◆ **Dataset excerpt**
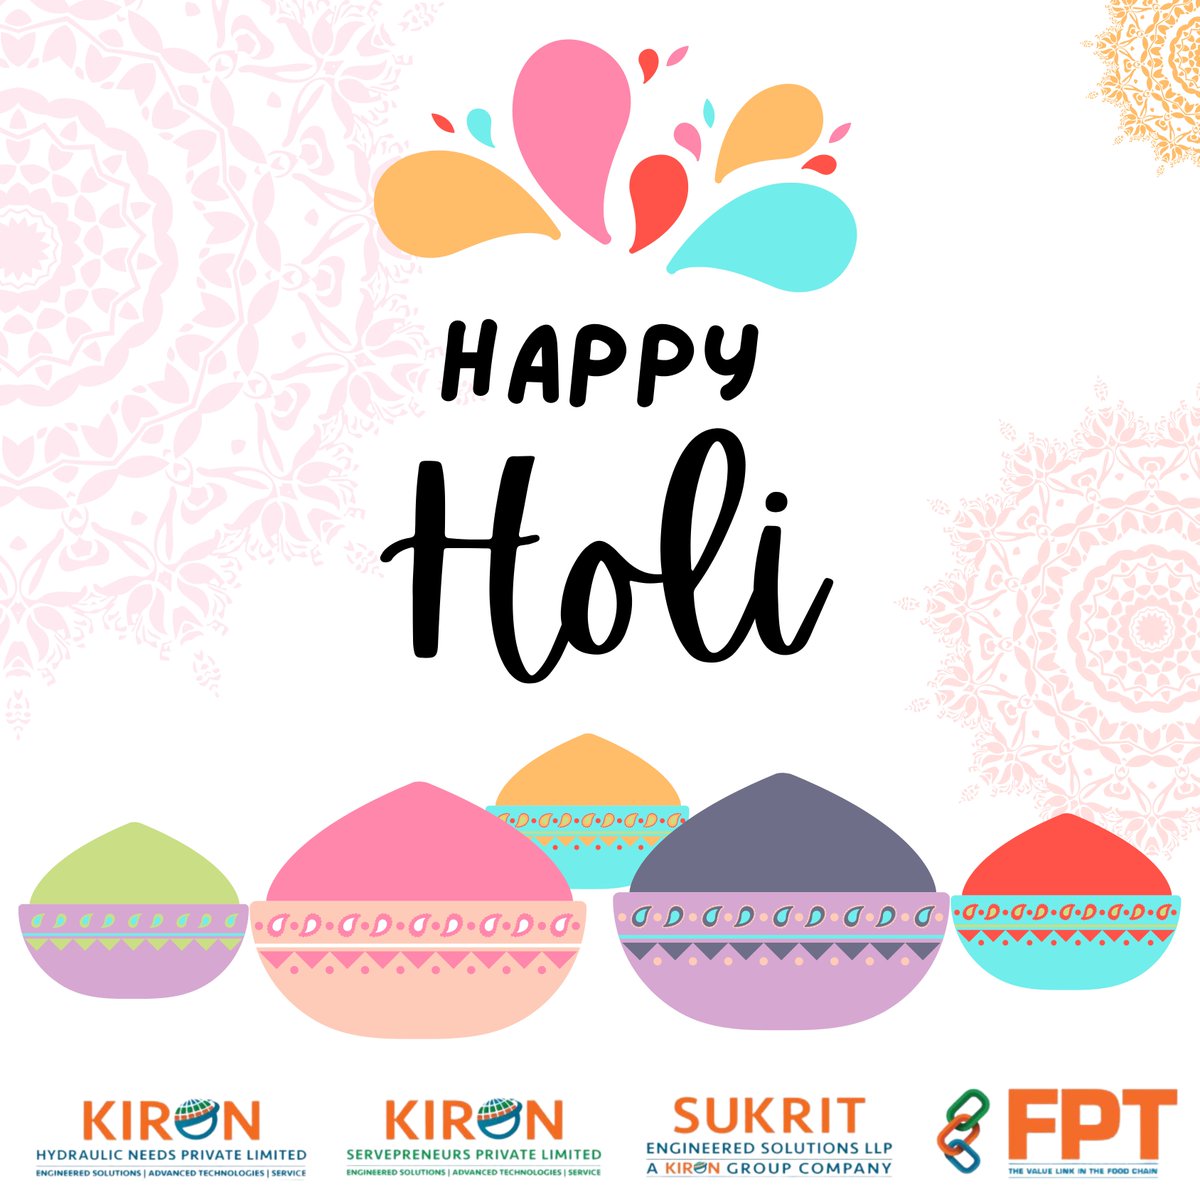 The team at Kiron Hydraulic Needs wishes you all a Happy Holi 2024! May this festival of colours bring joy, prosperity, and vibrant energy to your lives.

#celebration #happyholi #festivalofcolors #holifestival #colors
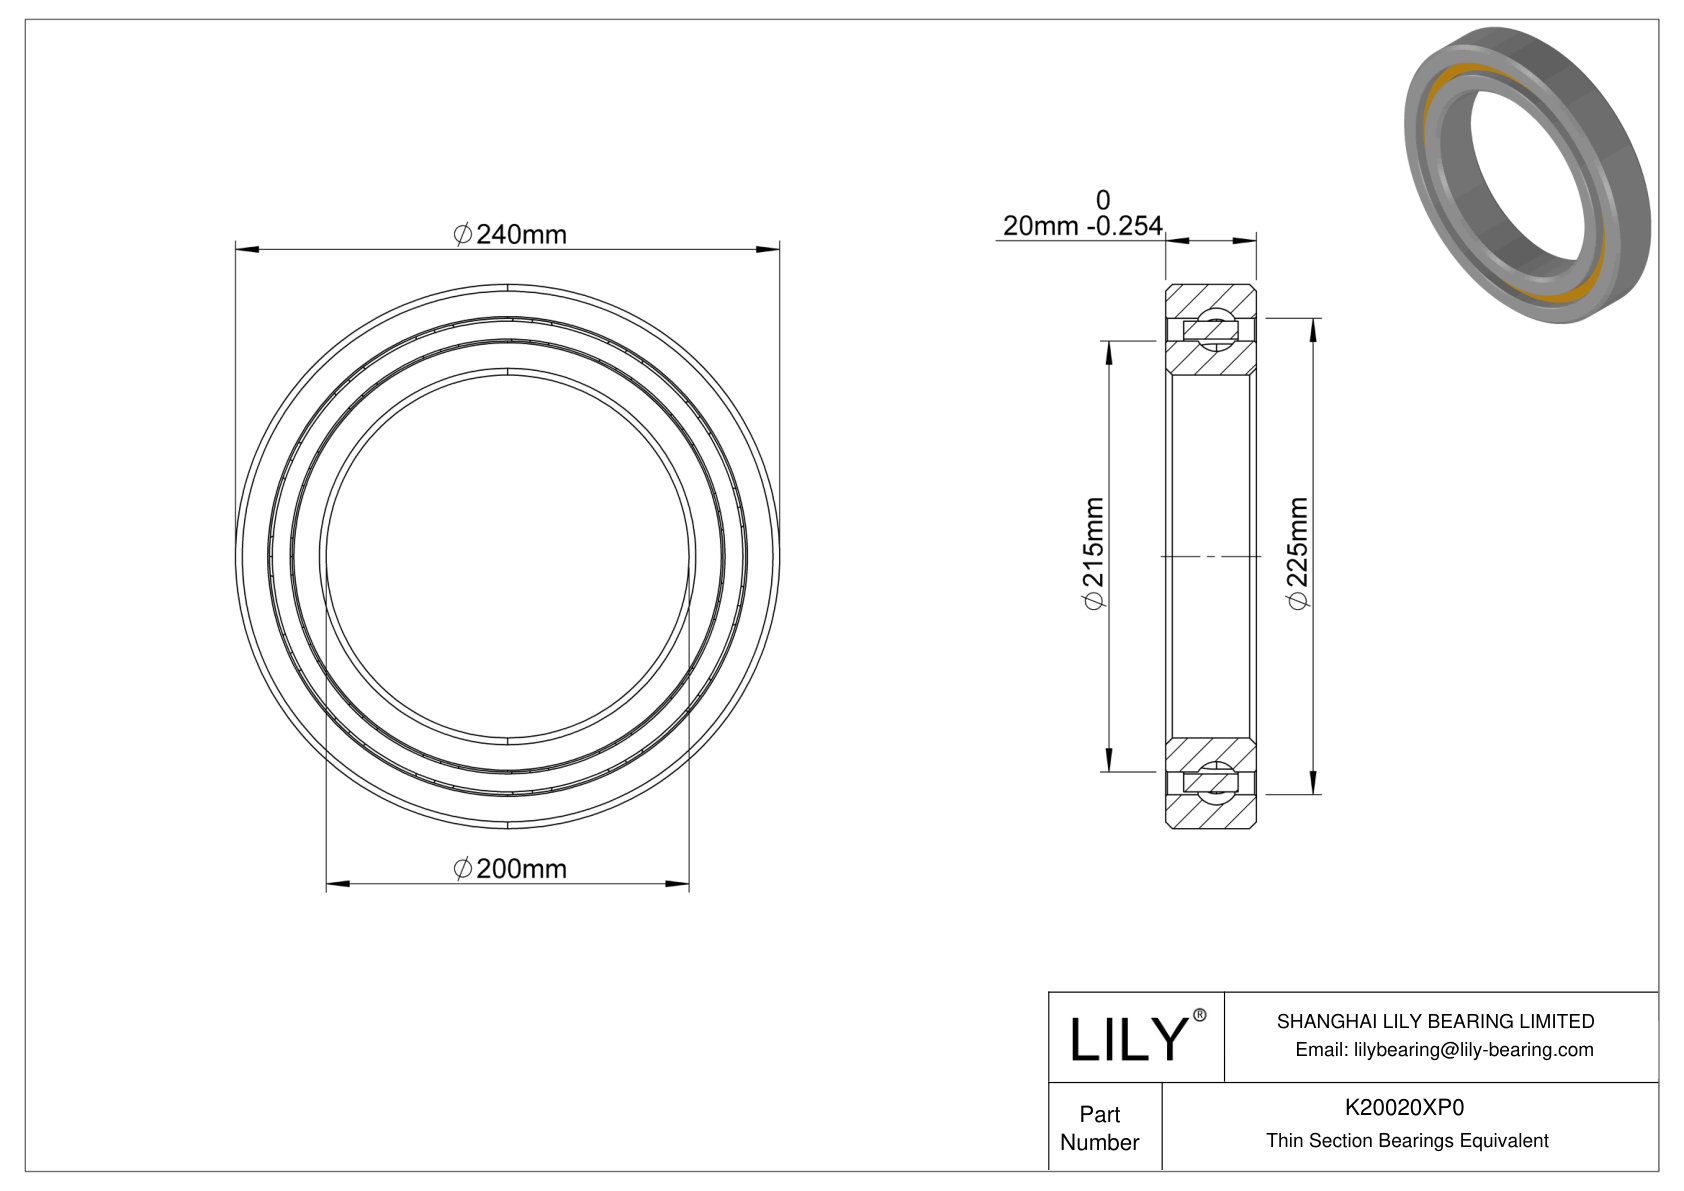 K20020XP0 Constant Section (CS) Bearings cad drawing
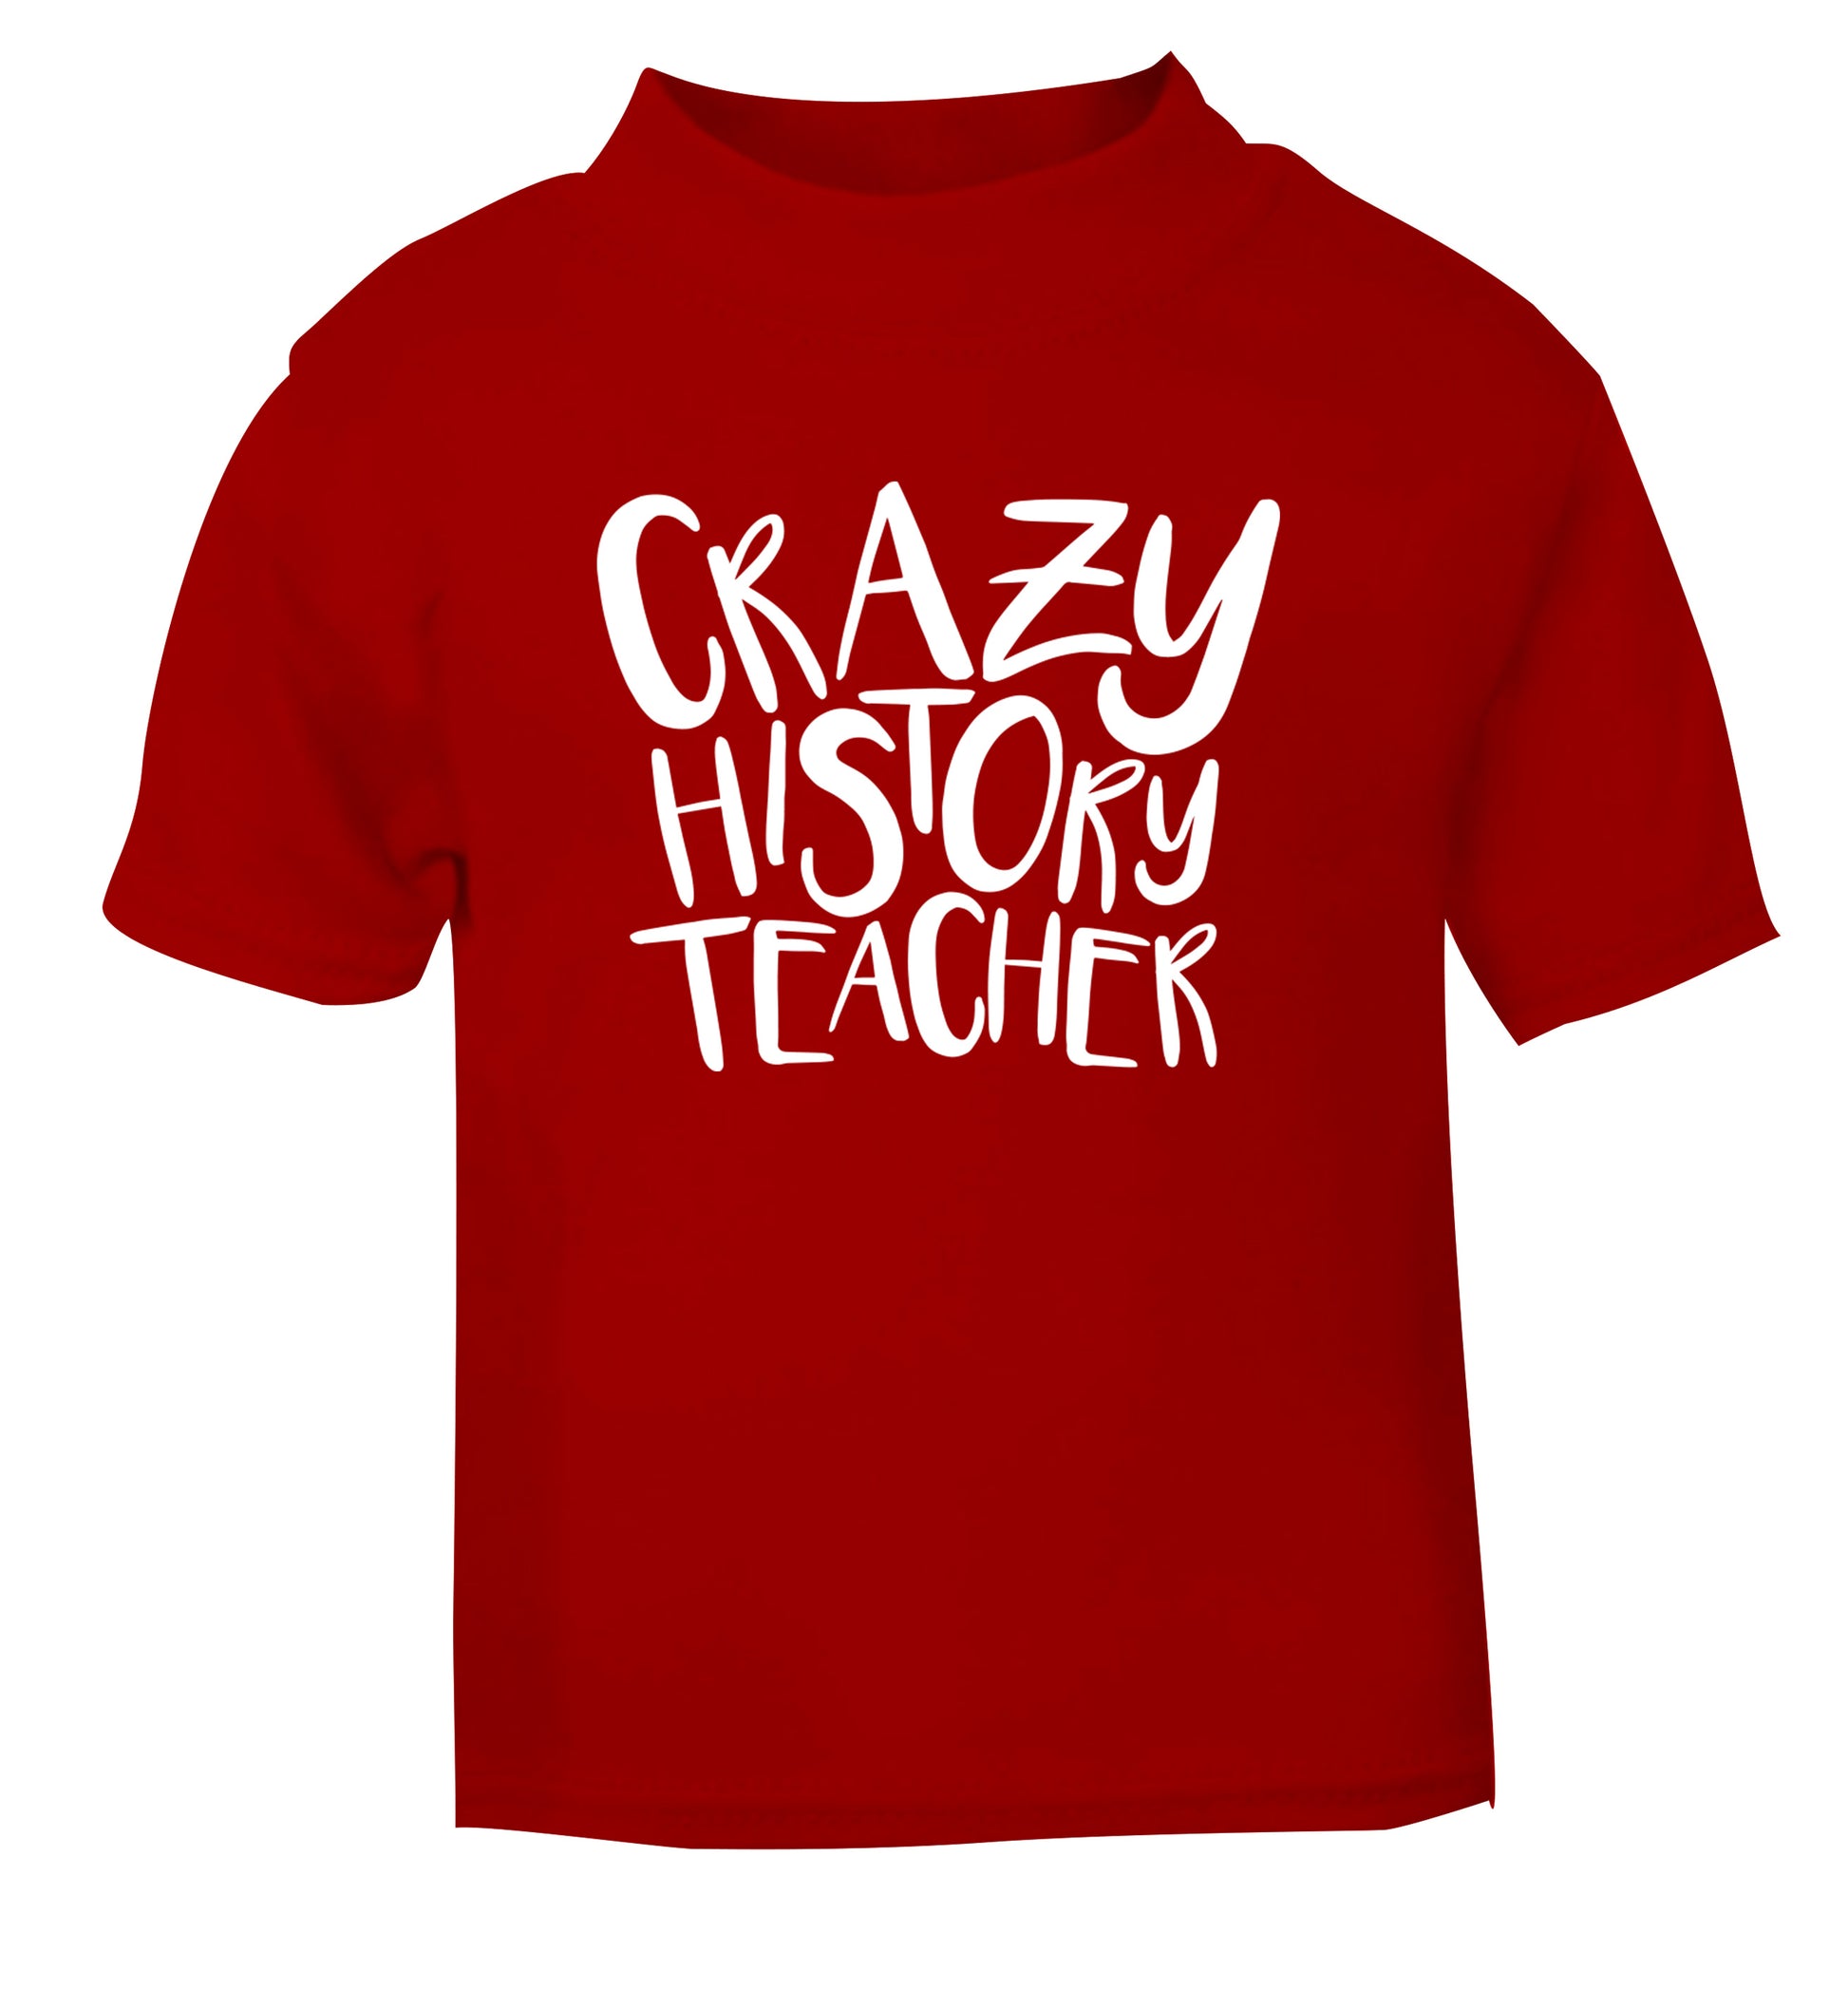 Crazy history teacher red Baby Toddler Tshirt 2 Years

◆ **Exercise details**
Copy out all the data without changing anything, and drop the pictures.

◆ **Finished task**
 The team at Kiron Hydraulic Needs wishes you all a Happy Holi 2024! May this festival of colours bring joy, prosperity, and vibrant energy to your lives.

#celebration #happyholi #festivalofcolors #holifestival #colors
 K20020XP0 Constant Section (CS) Bearings cad drawing
 Crazy history teacher red Baby Toddler Tshirt 2 Years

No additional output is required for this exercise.